Consider the process. You have an inbound row. The first step is you need to locate the matching row (based on natural key/business key) in the target dimension table. You can generate a hash of the natural key/business key column(s) for this purpose. In that instance it makes sense to create an index with that hash column as the leading column. Apart from that it makes no sense at all. This provides no better cardinality than a unique constraint on the natural key/business key columns. Very rarely have I encountered natural keys in dimension tables that were "dozens of columns".

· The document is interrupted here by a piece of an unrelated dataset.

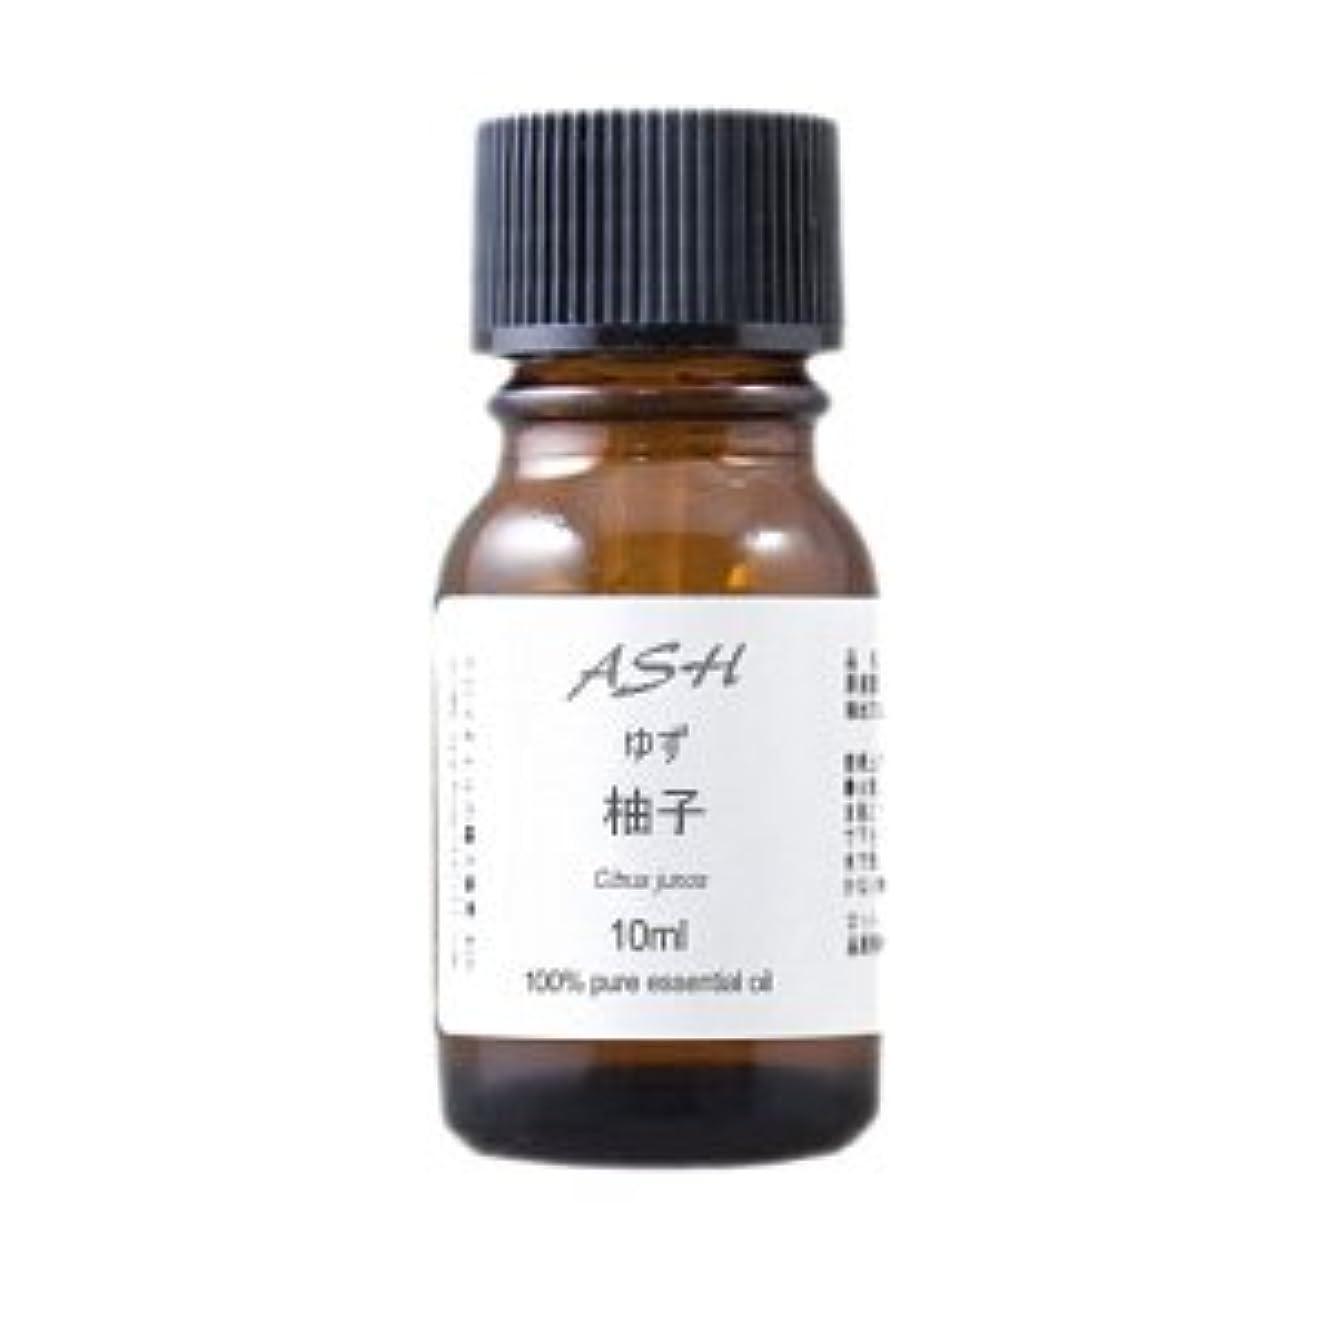 クアッガ肺炎組み込むASH 柚子 (ゆず) エッセンシャルオイル 10ml 【和精油】【Yuzu Essential Oil-Japan】 AEAJ表示基準適合認定精油

Now consider the second step which is to determine whether the non-key columns of an existing row have changed. For this you need to calculate a hash on the non-key columns and compare. Once you've located your data in the table with the first hash you have to comape the non-key column hashes to actually detect changes. Cardinality is not an issue at that point, you're comparing 1 column of 1 row to 1 column of 1 row.

I take exception to Kimball's point about the efficiency of comparing one (binary) string value, etc., for this reason: your natural key for a dimension might be an integer, a varchar(10) or even some combination of fields like (int, int, char(4)). An MD5 hash is 16 bytes long. An int is 4 bytes long. It's doubtful you'll achieve better performance comparing one 16 byte binary column as opposed to comparing one (or two or three or four) int columns, char(4) columns, etc.

Kimball writes some interesting books, from an academic perspective. If you really want to see how and if it works in the real world, implement it yourself and give it a go.